Contributor
Posts: 38

# When should I not transform a variable?

Hi everyone,

In regression modelling (logistic regression and linear regression), when is it not best to transform a variable? In other words:

- If a variable is normally distributed but has a very large range, should it still be transformed?

- Should binary variables be transformed? if not, why?

- What other reasons are there not to transform a variable?

Thanks

Paul

PROC Star
Posts: 7,471

## Re: When should I not transform a variable?

I am not a statistician, so am responding based only on experience (and the stats I learned getting a PhD in Educational Psychology) and to insure that I see the responses with those with more expertise (hi  @Rick_SAS )
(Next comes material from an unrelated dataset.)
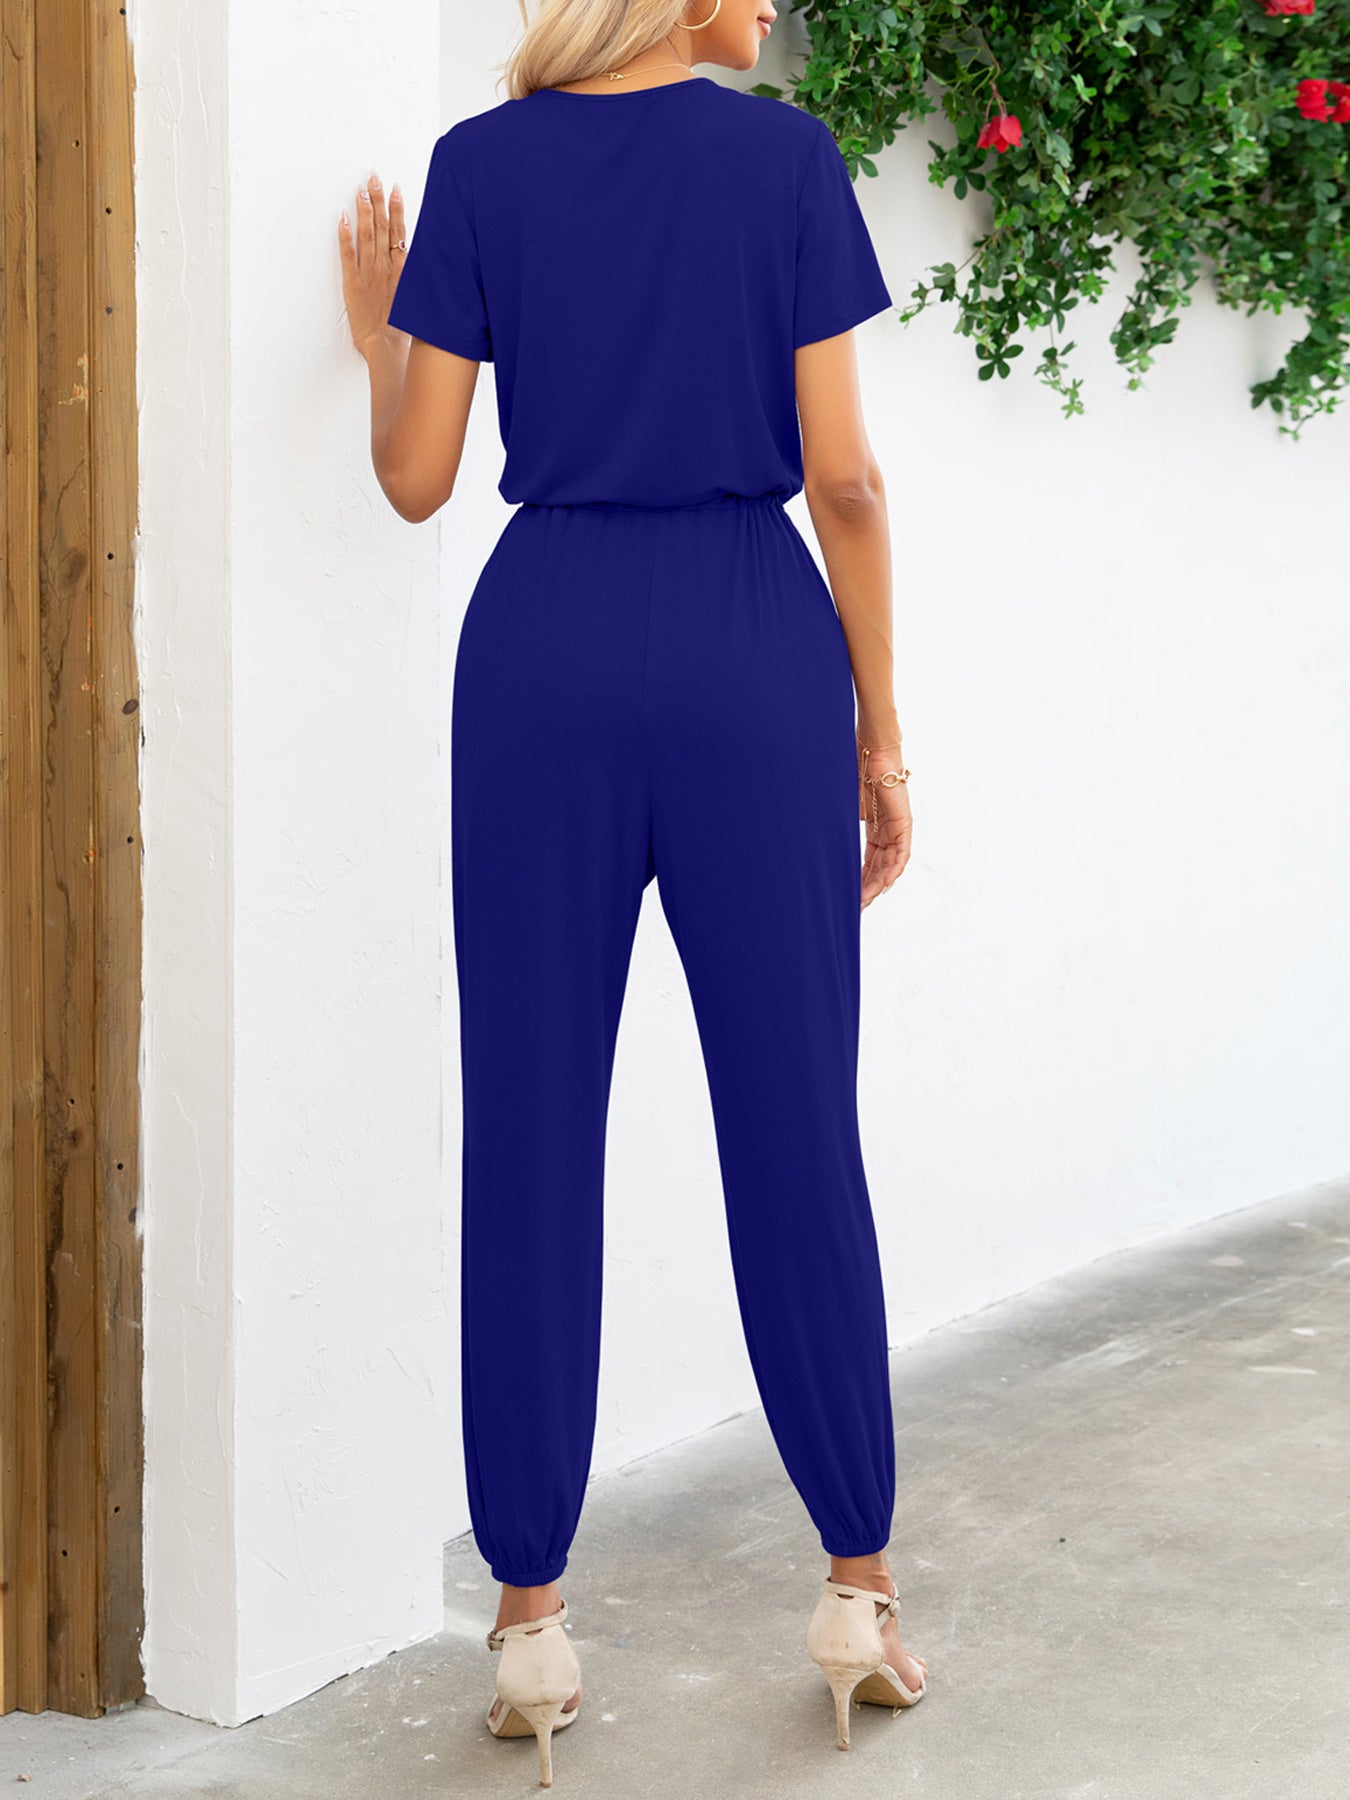 Short Sleeve V-Neck Jumpsuit with Pockets

In my experience the principal reason for doing any transformation is when you have a distribution that you assume, or theory suggests, that it comes from a factor that has something other than a normal distribution.

I know regarding insurance claims that it holds for binary variables, as frequency of insurance claims (a binary variable: have or don't have a claim( is one such distribution.

Art, CEO, AnalystFinder.com

New Contributor
Posts: 3

## Re: When should I not transform a variable?

Thanks, but surely by transforming a binary variable, you will completely ruin your chances of making any meaningful interpretations from them.

Is the presence of outliers a good enough reason to warrant a transformation? Some variables are normally distributed but have outliers. In this case, will it still be necessary to transform the variable?

Thanks

Posts: 1,915

## Re: When should I not transform a variable?

[ Edited ]

fbgeoff wrote:

Is the presence of outliers a good enough reason to warrant a transformation? Some variables are normally distributed but have outliers. In this case, will it still be necessary to transform the variable?